Information shown:
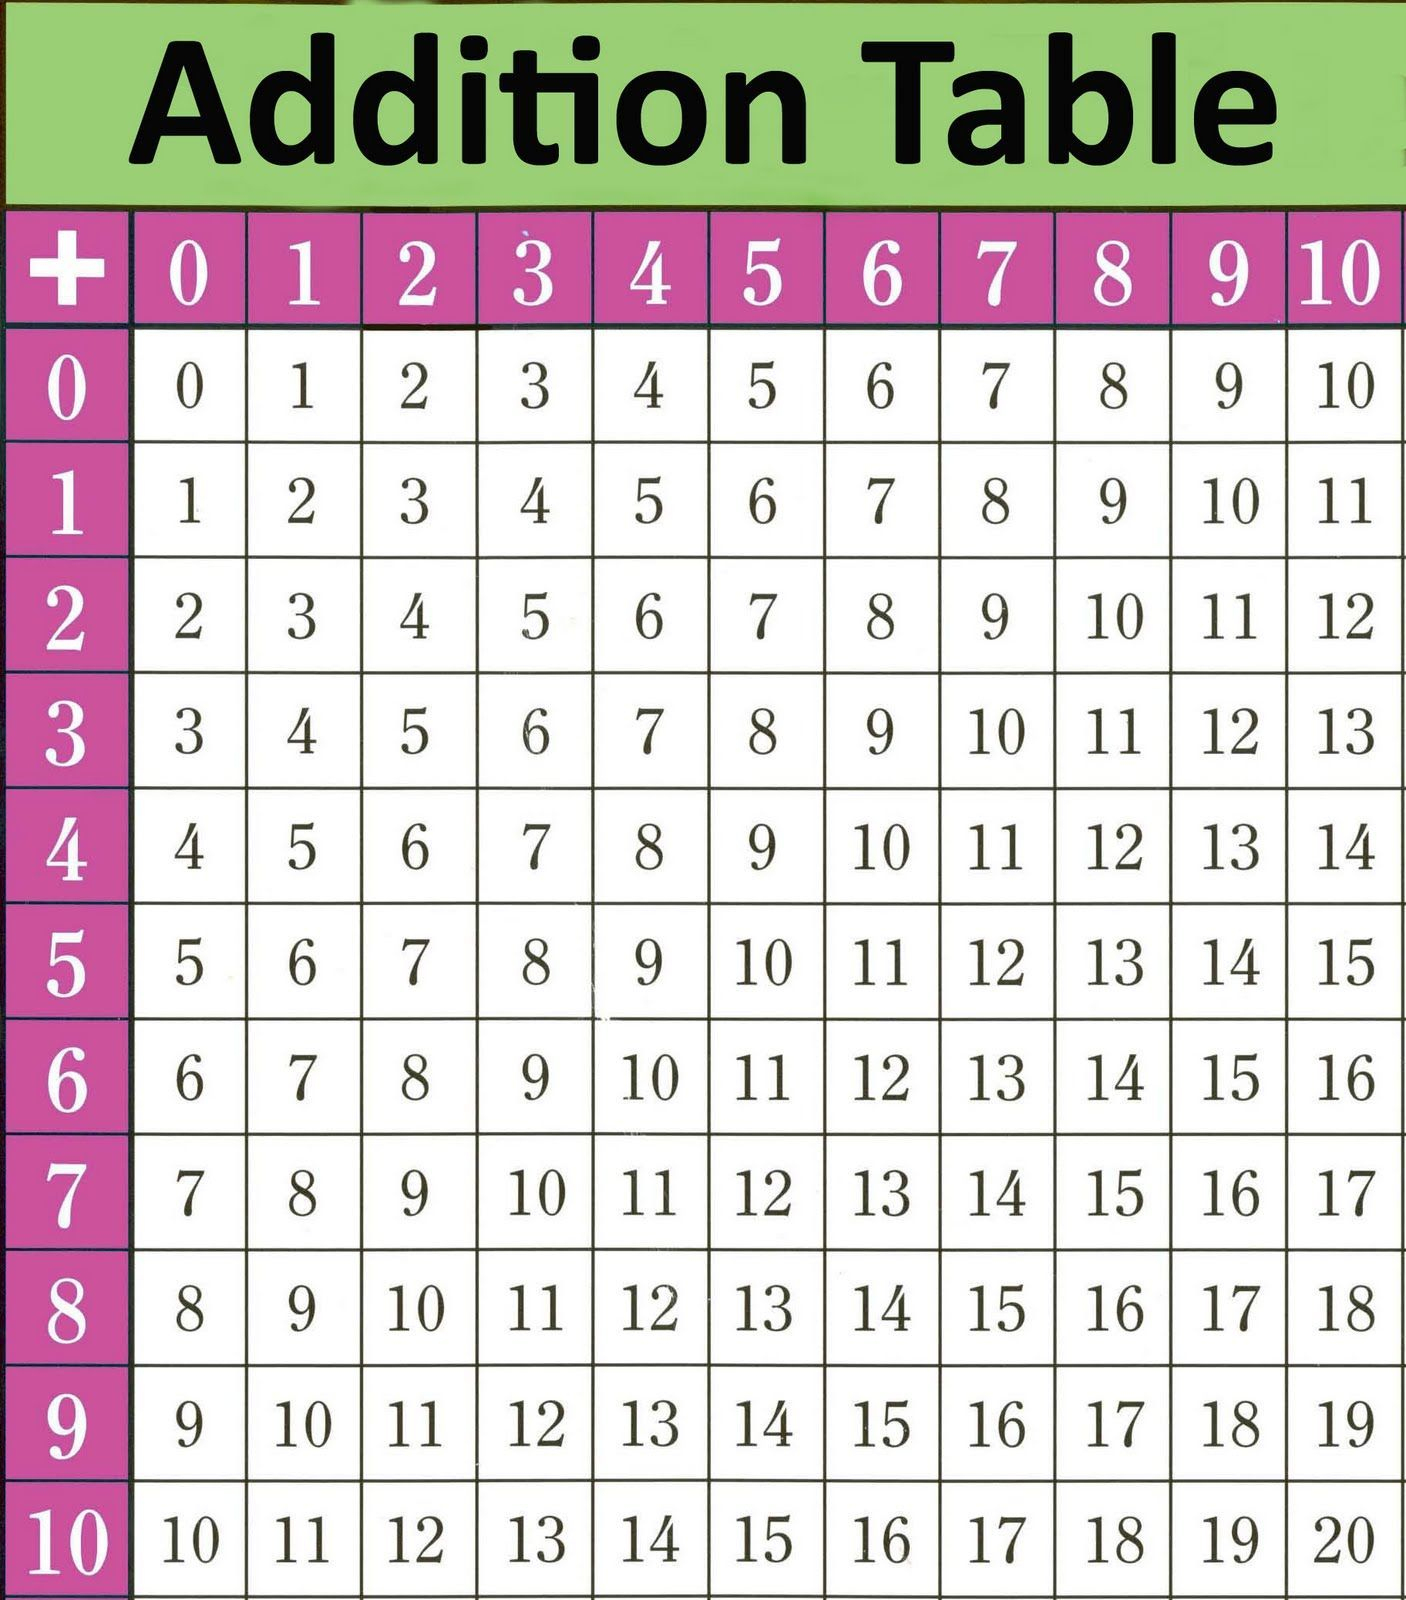 Image Result For Addition Table 1 To 12 | Addition Table | Pinterest - Free Printable Addition Chart
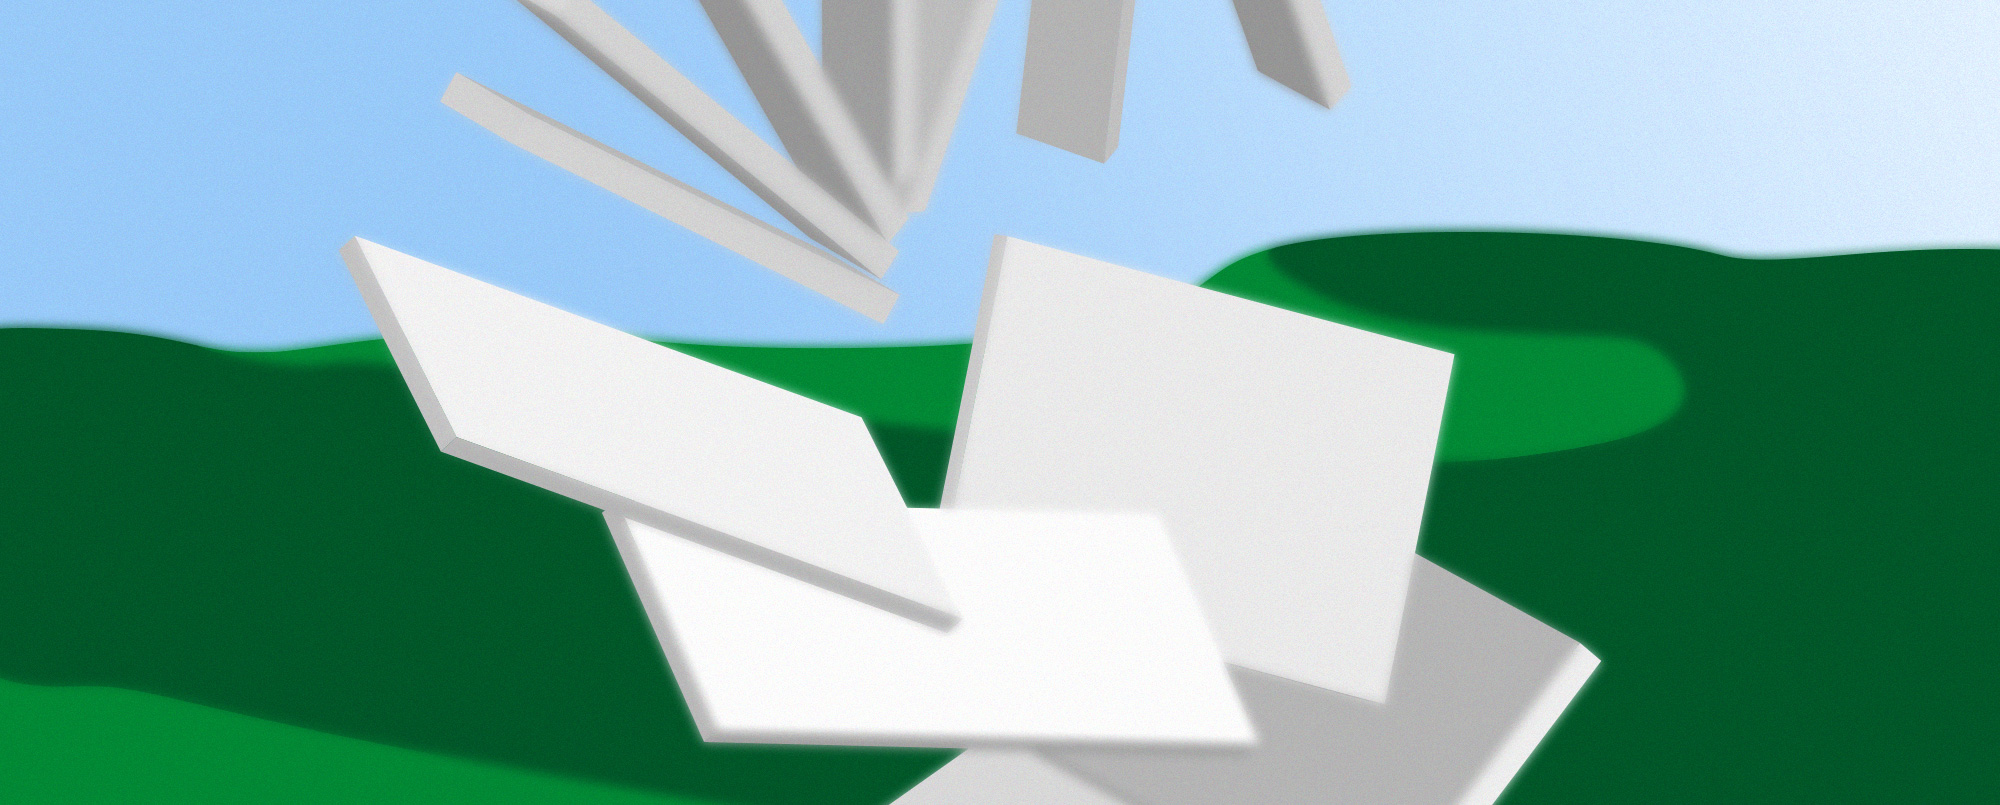 Rendering of white planes on a landscape
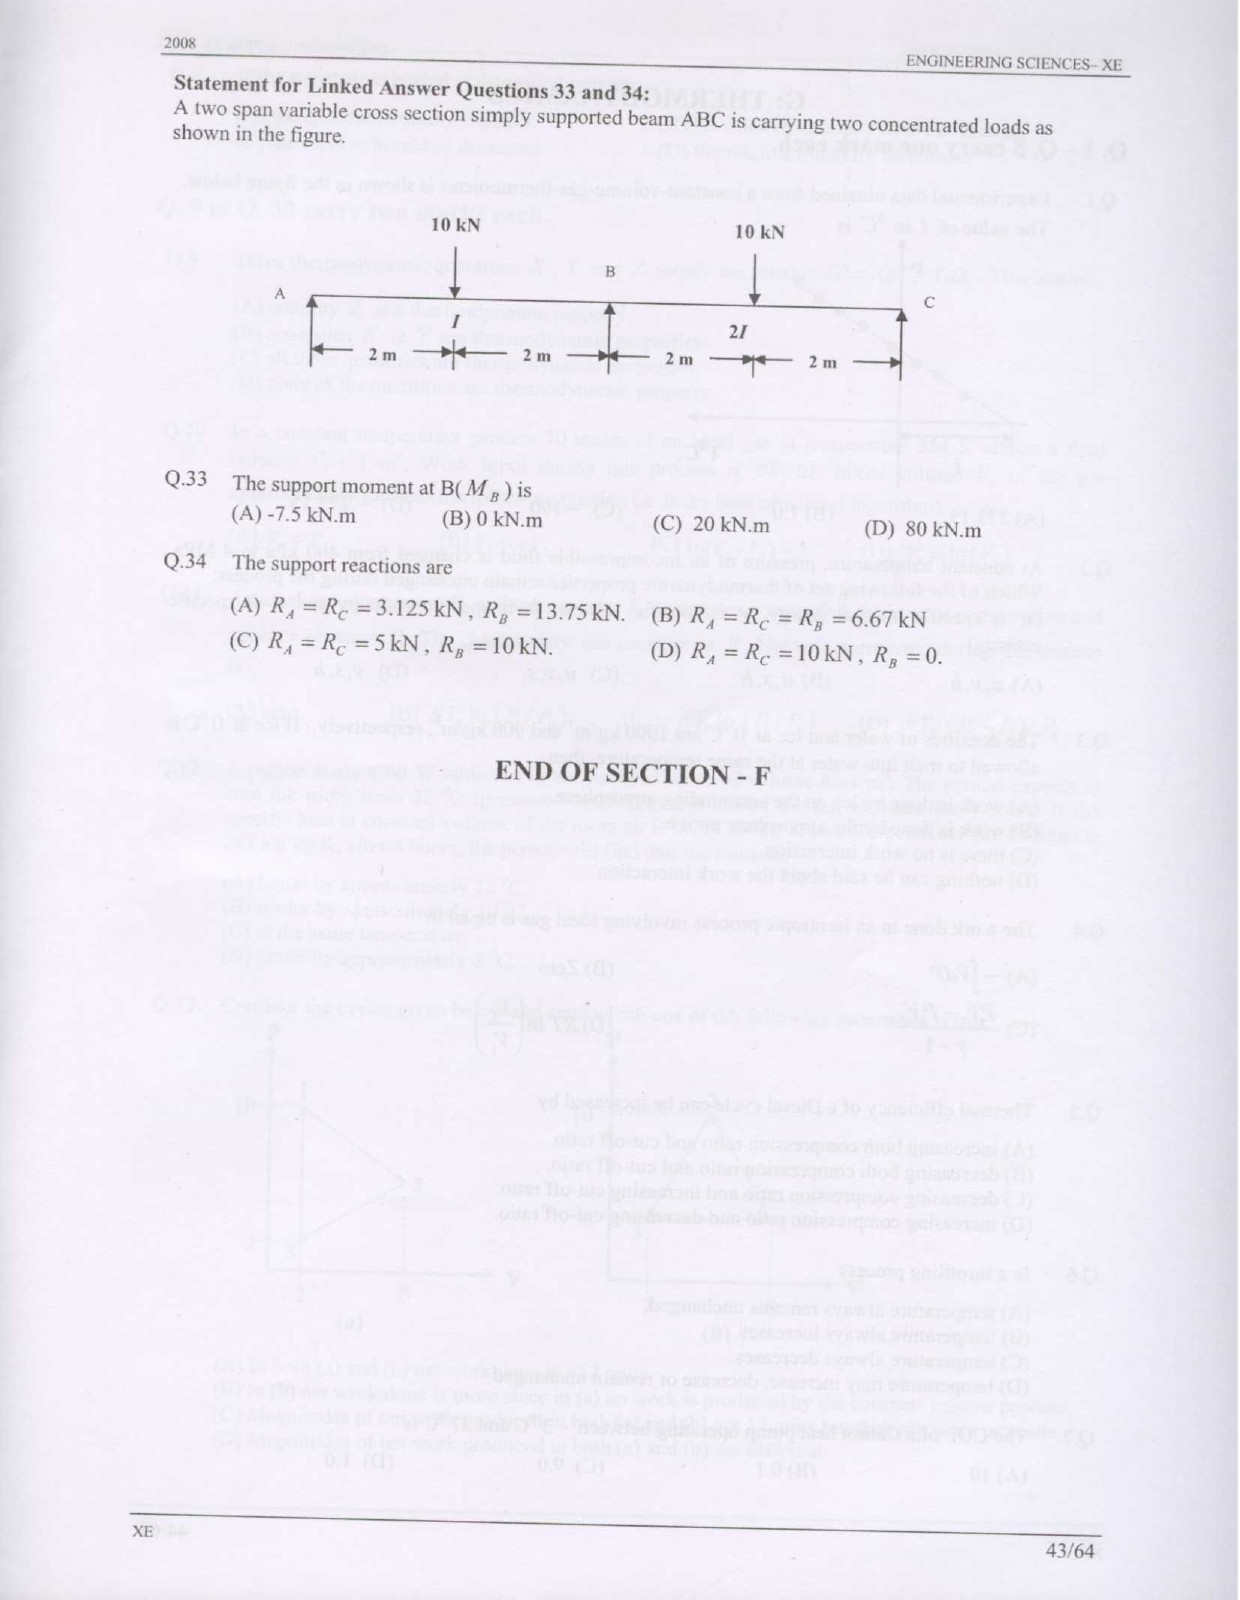 GATE Exam Question Paper 2008 Engineering Sciences 43

What you are asked to do:
Please write out the whole listing exactly, but not the pictures in it.

Answer for the task:
 Image Result For Addition Table 1 To 12 | Addition Table | Pinterest - Free Printable Addition Chart
 Rendering of white planes on a landscape
 GATE Exam Question Paper 2008 Engineering Sciences 43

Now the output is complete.